I was a big boy, on my own now; no Phil, Sol, or Ronnie to approach for advice. One part of me realized that there is an exquisite irony here, namely that I had suddenly to unlearn the lesson which I had learned so well that now I got soft at any mention of death, Pavlovian style.
Yet I had no time to savor this ironic moment; I needed quickly to get in touch with another part of myself so that I might somehow circumvent this well-established neural pathway. I explored my options, however constrained and limited they might be, and realized why I was in this room.

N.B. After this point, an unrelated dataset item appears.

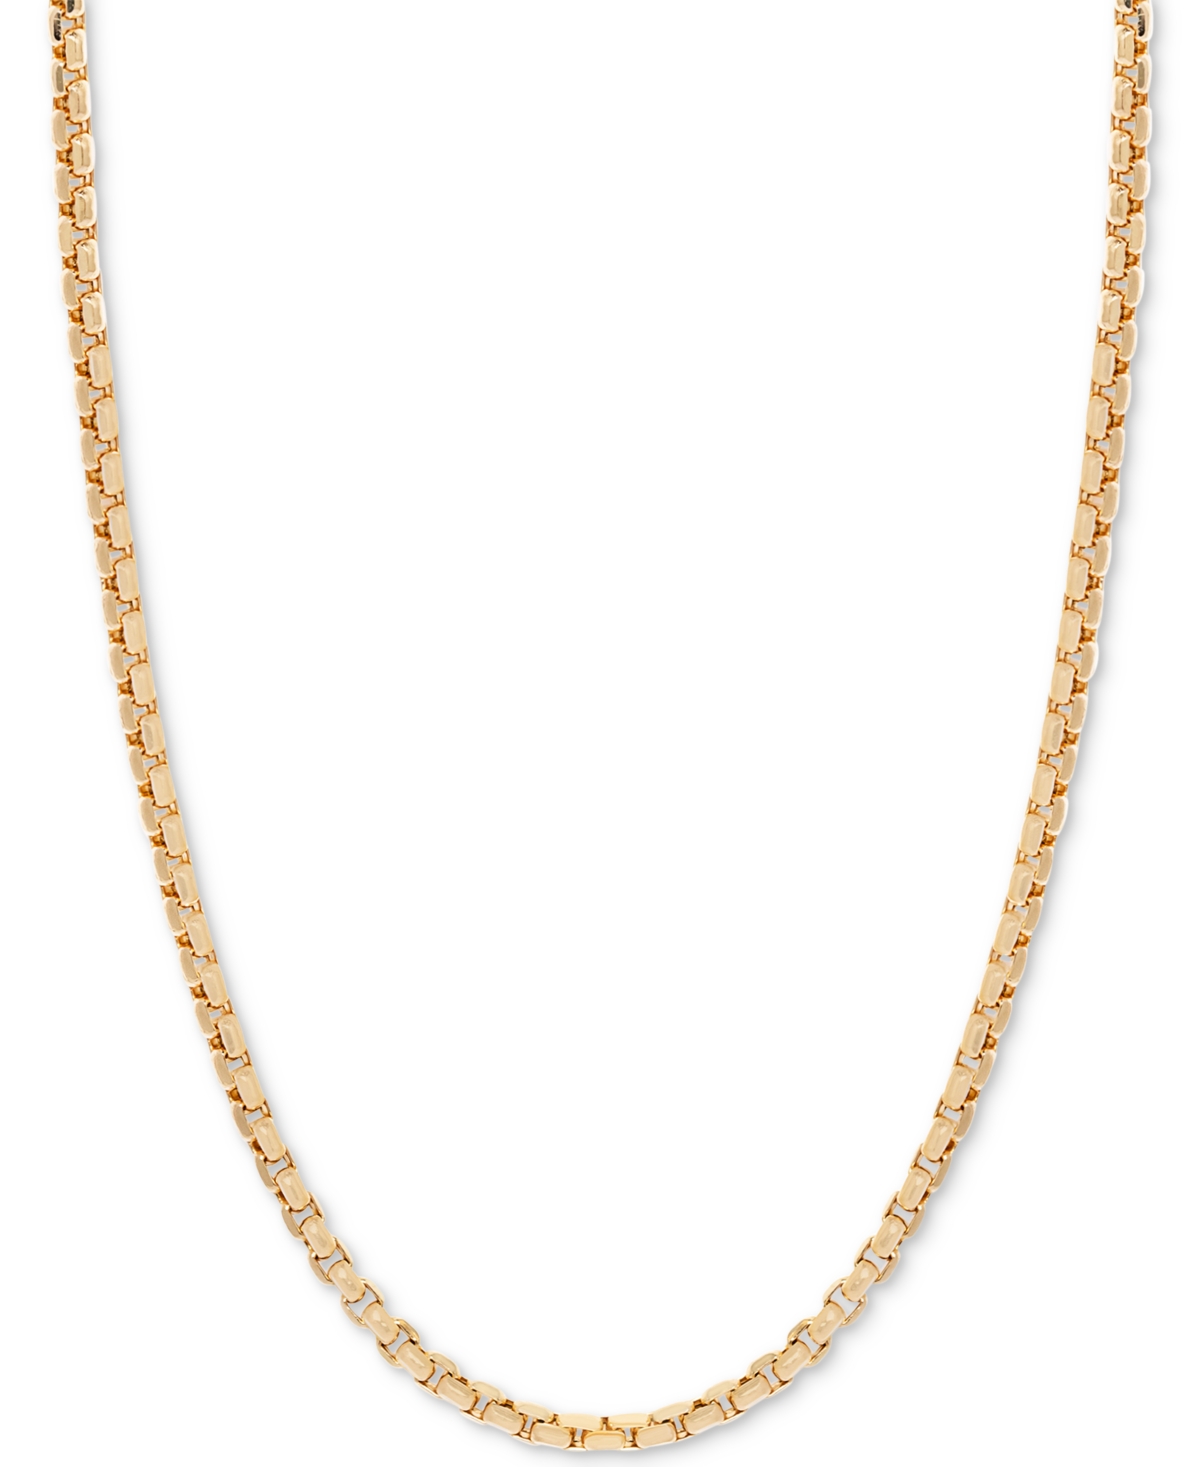 18" Round Box Link Chain Necklace (1-1/2 mm) in 14k Gold - Yellow Gold

I took sweet comfort in the fact I would shortly be with my wife, and that we love each other, and that we are sexually compatible, and that we know why we’re doing this at this moment in this place. We would do it right, that is, making long and exquisitely slow love, and that her affection would make me forget about the corpse who had occupied the bed barely an hour ago. As I told myself that my wife’s tenderness and patience would make everything work out ok, I became more relieved and relaxed, and I anticipated some gentle cuddling and extended foreplay.
Now, I can get started.
Or so I thought.
Just then, she bursted back into the room and excitedly, and told me that we had to hurry because they needed the bed and the room right away. I’d never practiced how to get started under intense pressure like this.
I needed time, I needed space, and I didn’t have either one. I began to panic; this was not a good start for a sustained sexual session.
This in-your-face stress required coping skills whose mechanisms were not included in the curriculum in the alleyway. I entered an advanced and unknown cognitive territory and I needed novel, more sophisticated guidance, preferably peer-to-peer. I believe that the education professionals call it “cooperative learning”.
She stepped up to the plate: she tickled me, she massaged me, she soothed me, and she quickly managed both to calm me down, and, most important, to lift my spirits. This enabled me to leave the alleyway guys back in the alleyway; they were decent and well-intentioned, and their advice served its purpose for a time, but I then recognized that it was obsolete.
As we collaborated together on this life exam, I realized she was destined to become a talented surgeon. For if she could work this miracle on me, she could do anything.
And all of her hard work paid off when we got our September baby. This is the first documented case of what was to become a long track record of providing successful hospital-based outcomes.